**TASK STATEMENT**
Would you transcribe the whole listing exactly and drop its images?

**COLLECTED MATERIAL**
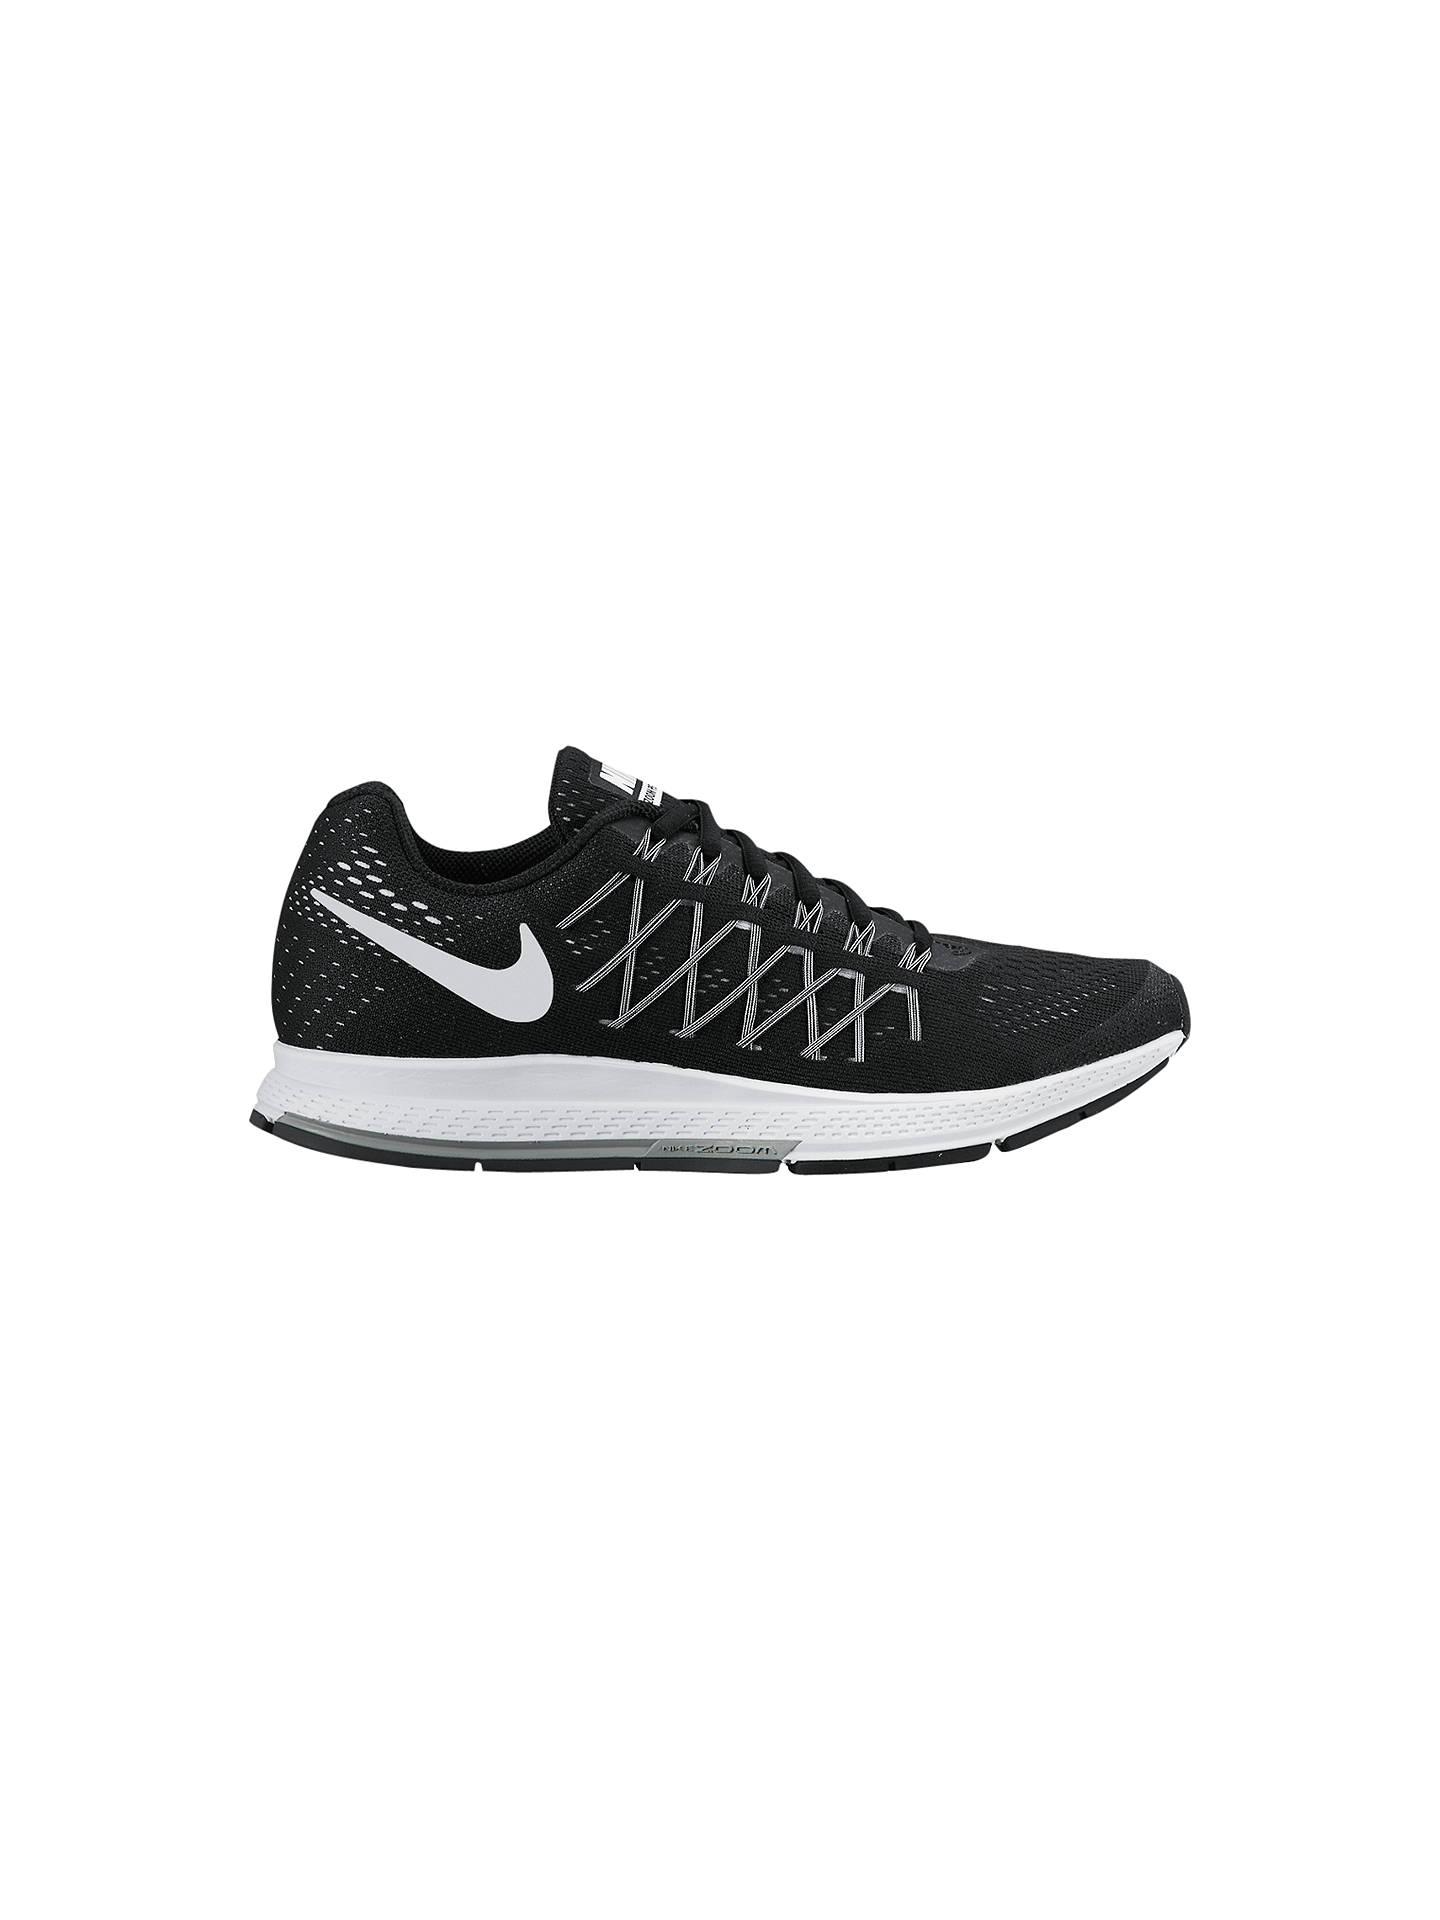 on sale 1e0da fa34b Nike Air Zoom Pegasus 32 Women's Running Shoes at John Lewis ...
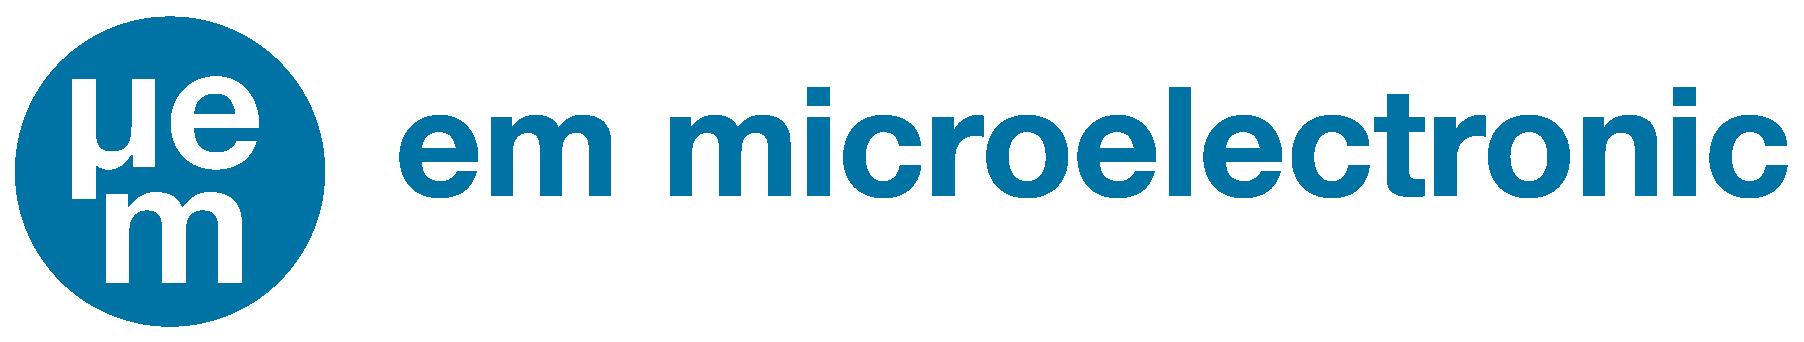 EM Microelectronic
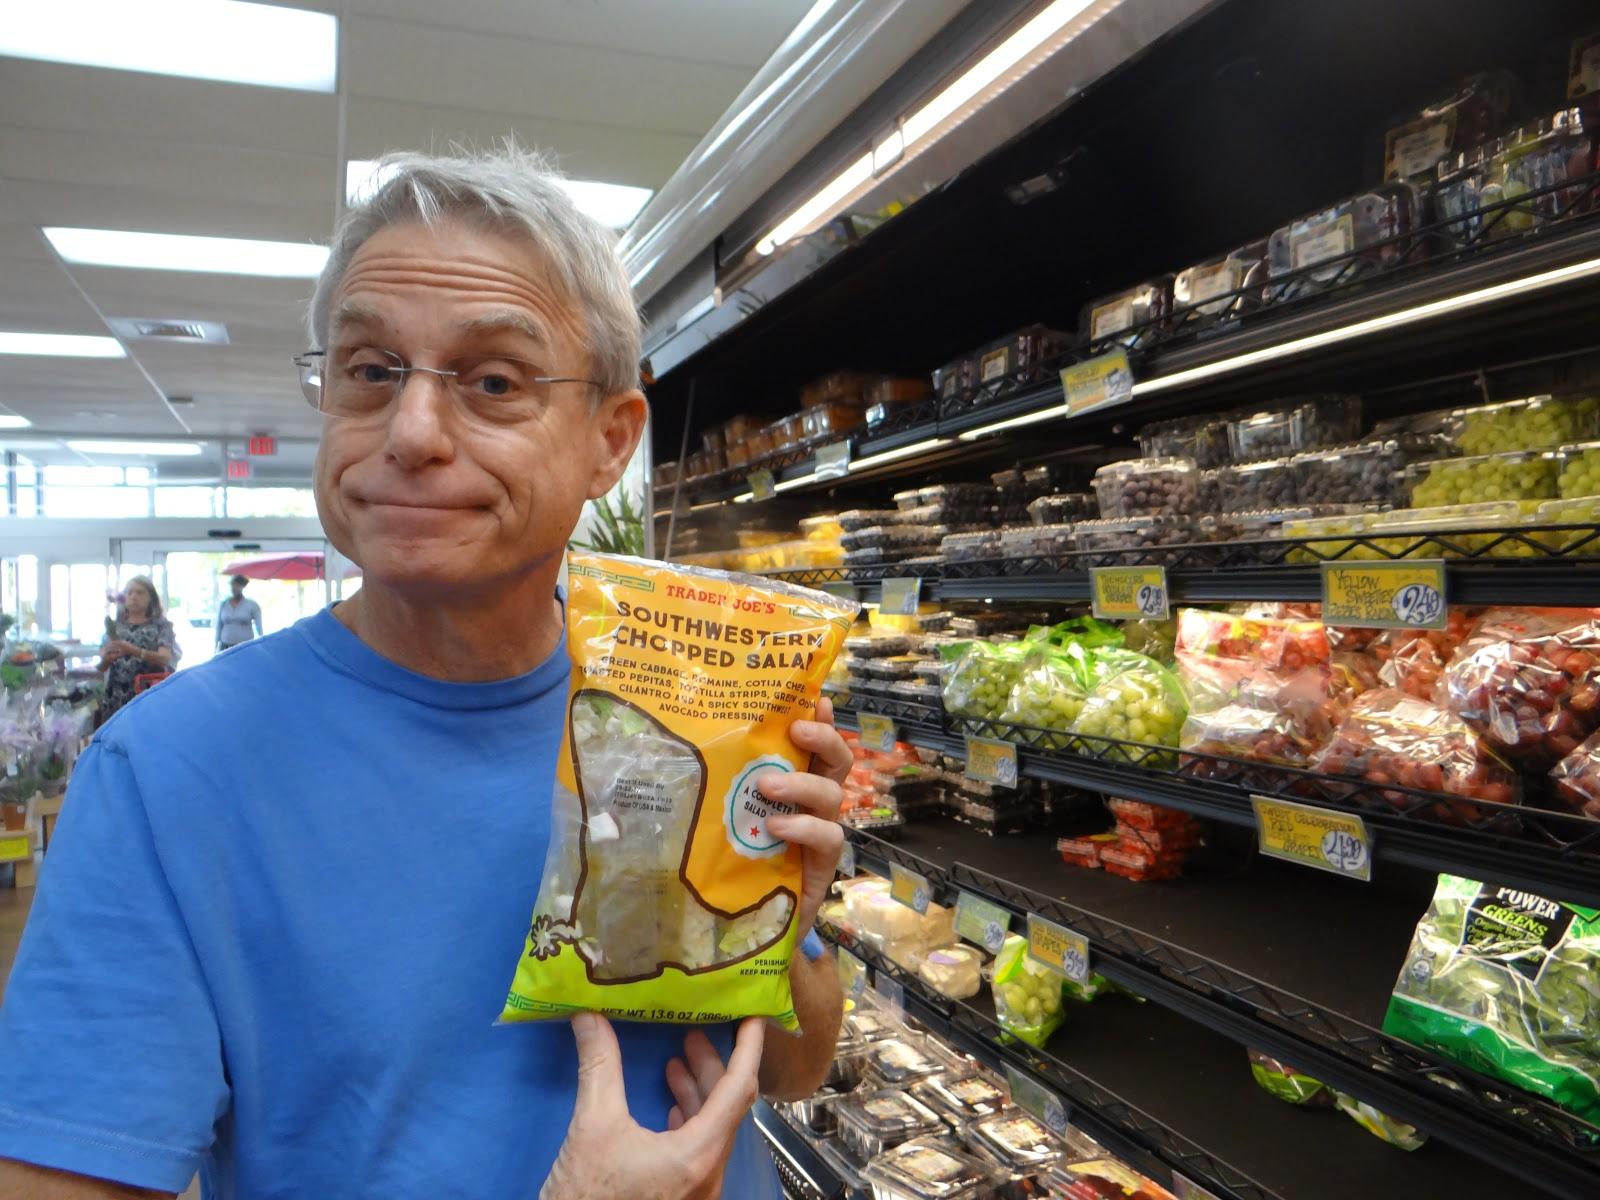 Trader Joe's 365: Southwestern Chopped Salad

**OUTPUT**
 on sale 1e0da fa34b Nike Air Zoom Pegasus 32 Women's Running Shoes at John Lewis ...
 EM Microelectronic
 Trader Joe's 365: Southwestern Chopped Salad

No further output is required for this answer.